## Recorded information
________

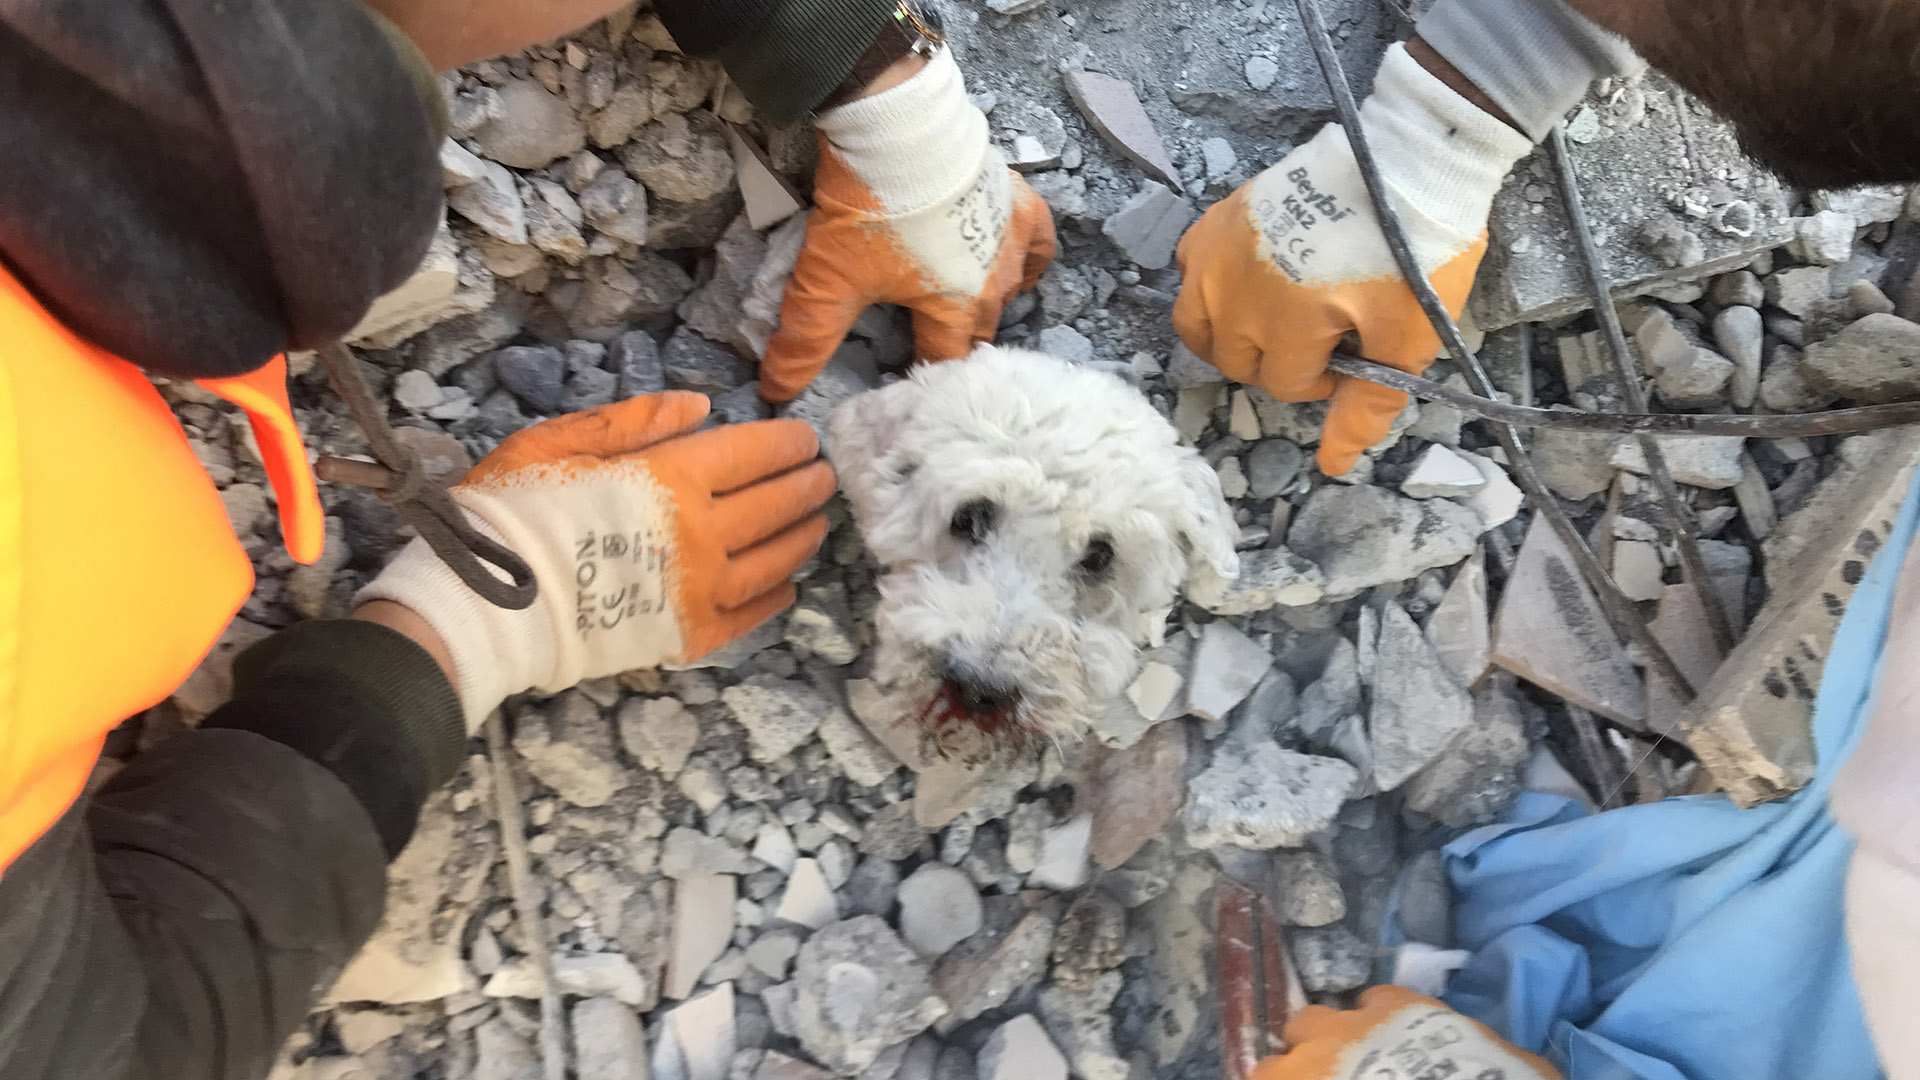 Los rescatistas extraen a un perro llamado Pamuk de los escombros de un edificio derrumbado en Hatay, tres días después de un terremoto masivo (Foto de Gurkan OZTURK / AFP)
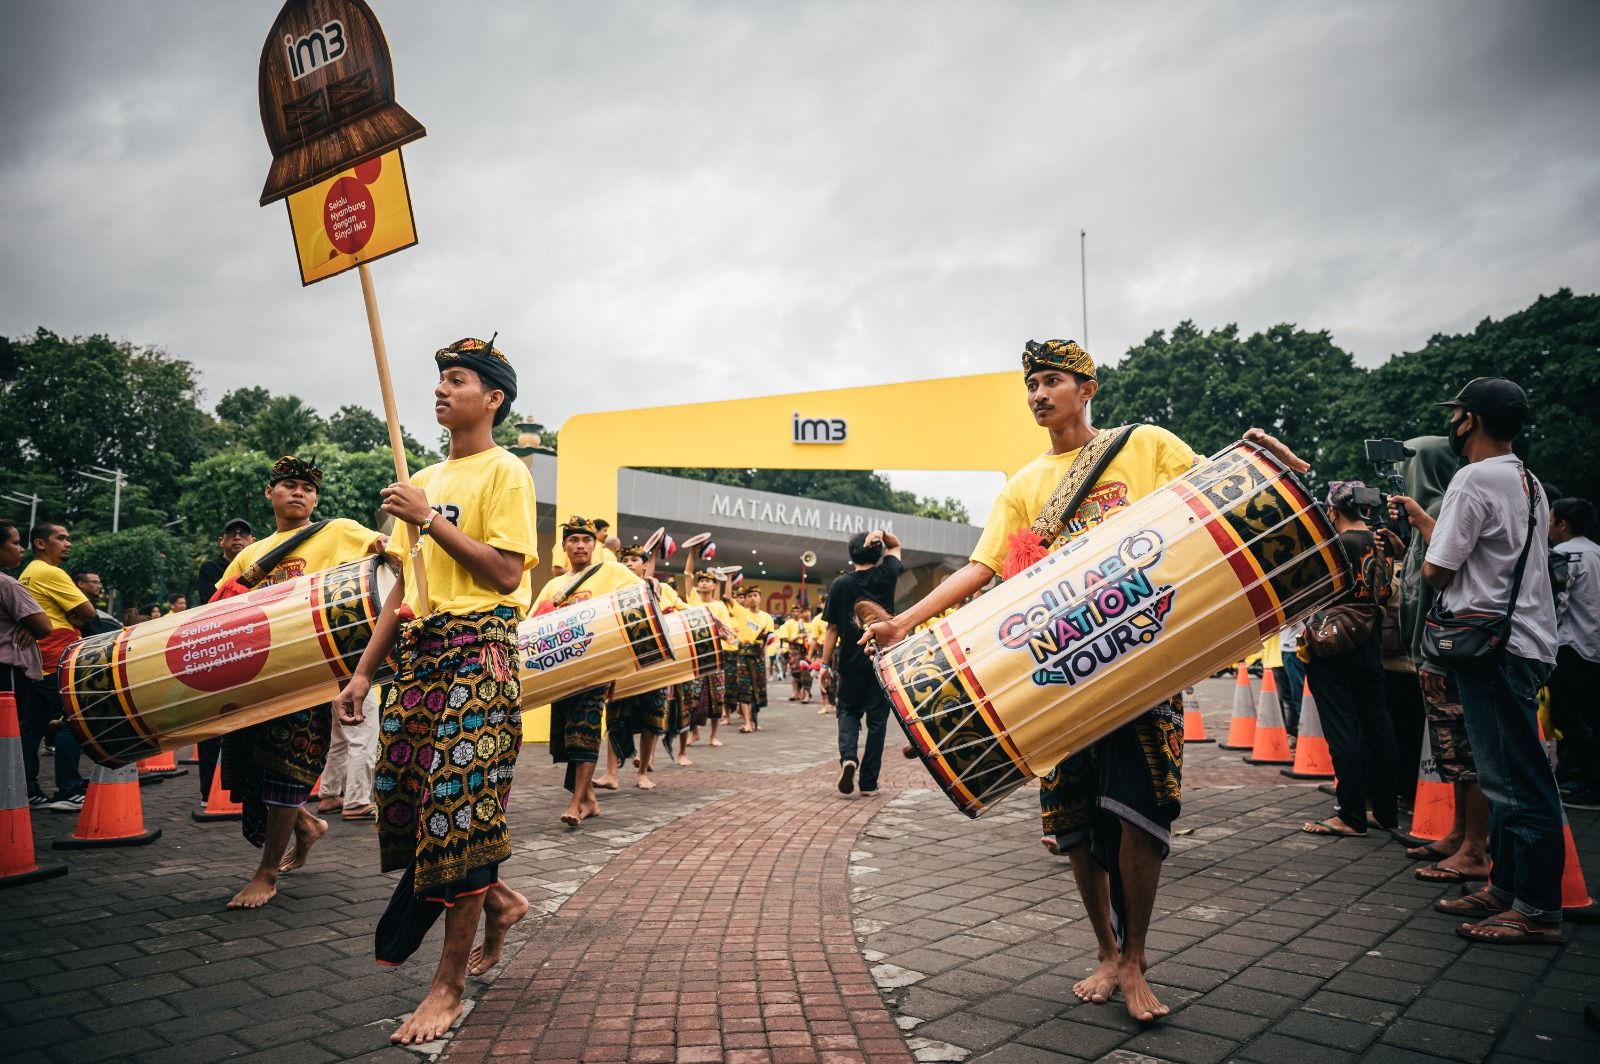 Parade Sinyal IM3 yang merepresentasikan keragaman budaya setempat, mulai dari komunitas hobi anak muda, pemain musik tradisional Gendang Beleq, hingga kelompok seni Kecimol
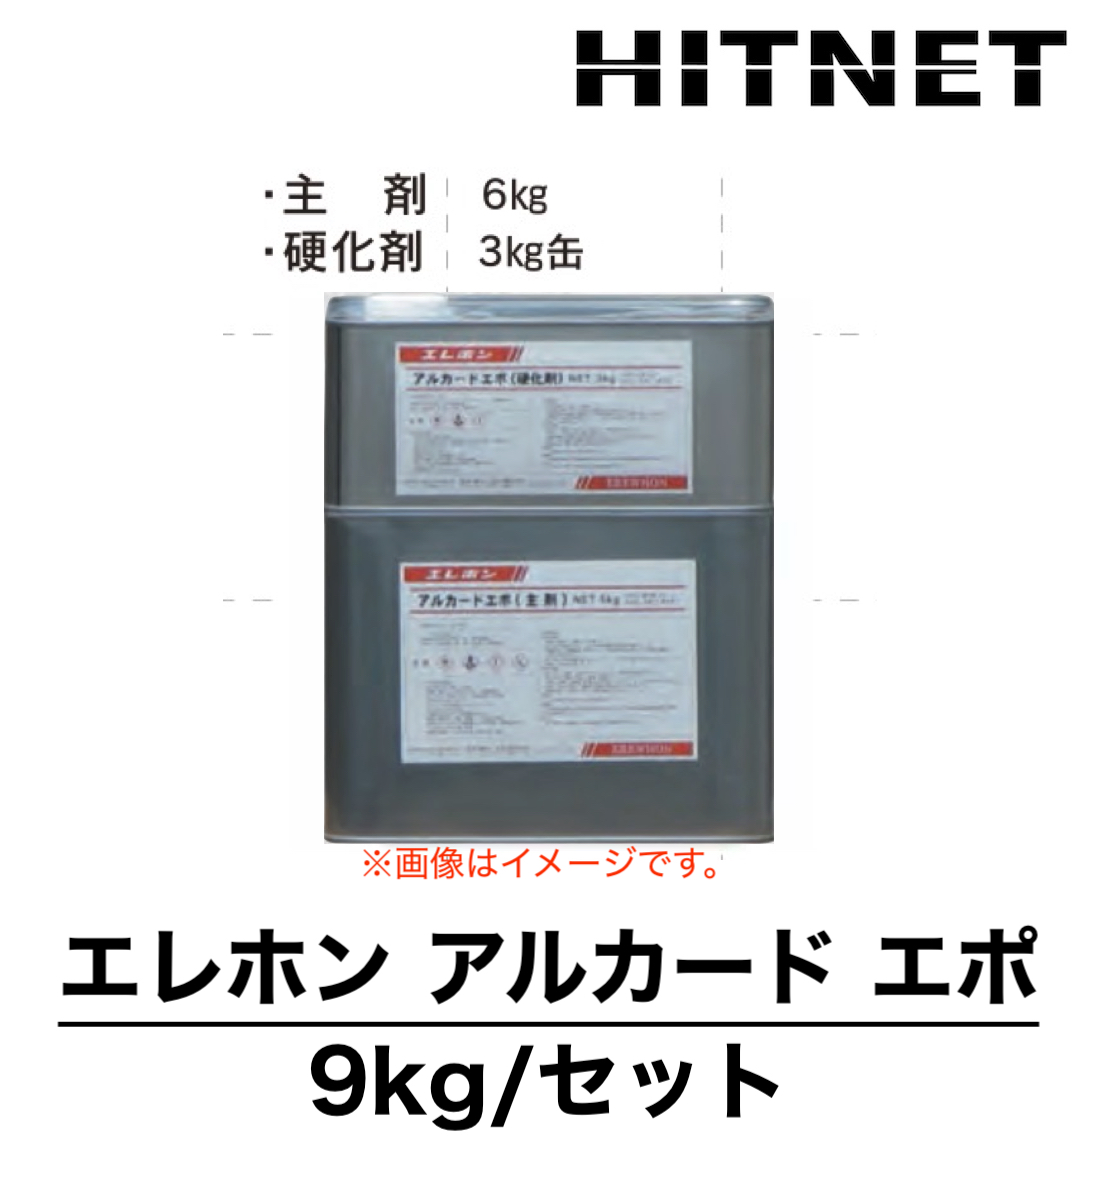 エレホン アルカードエポ 9kg/セット 下地強化剤 : hitnet-1011

________

## Directions for this task
Your job is to restate, word for word, only the lines from the one holding "Parade Sinyal IM3" through the end of the material; pictures stay out.

## Answer area
 Parade Sinyal IM3 yang merepresentasikan keragaman budaya setempat, mulai dari komunitas hobi anak muda, pemain musik tradisional Gendang Beleq, hingga kelompok seni Kecimol
 エレホン アルカードエポ 9kg/セット 下地強化剤 : hitnet-1011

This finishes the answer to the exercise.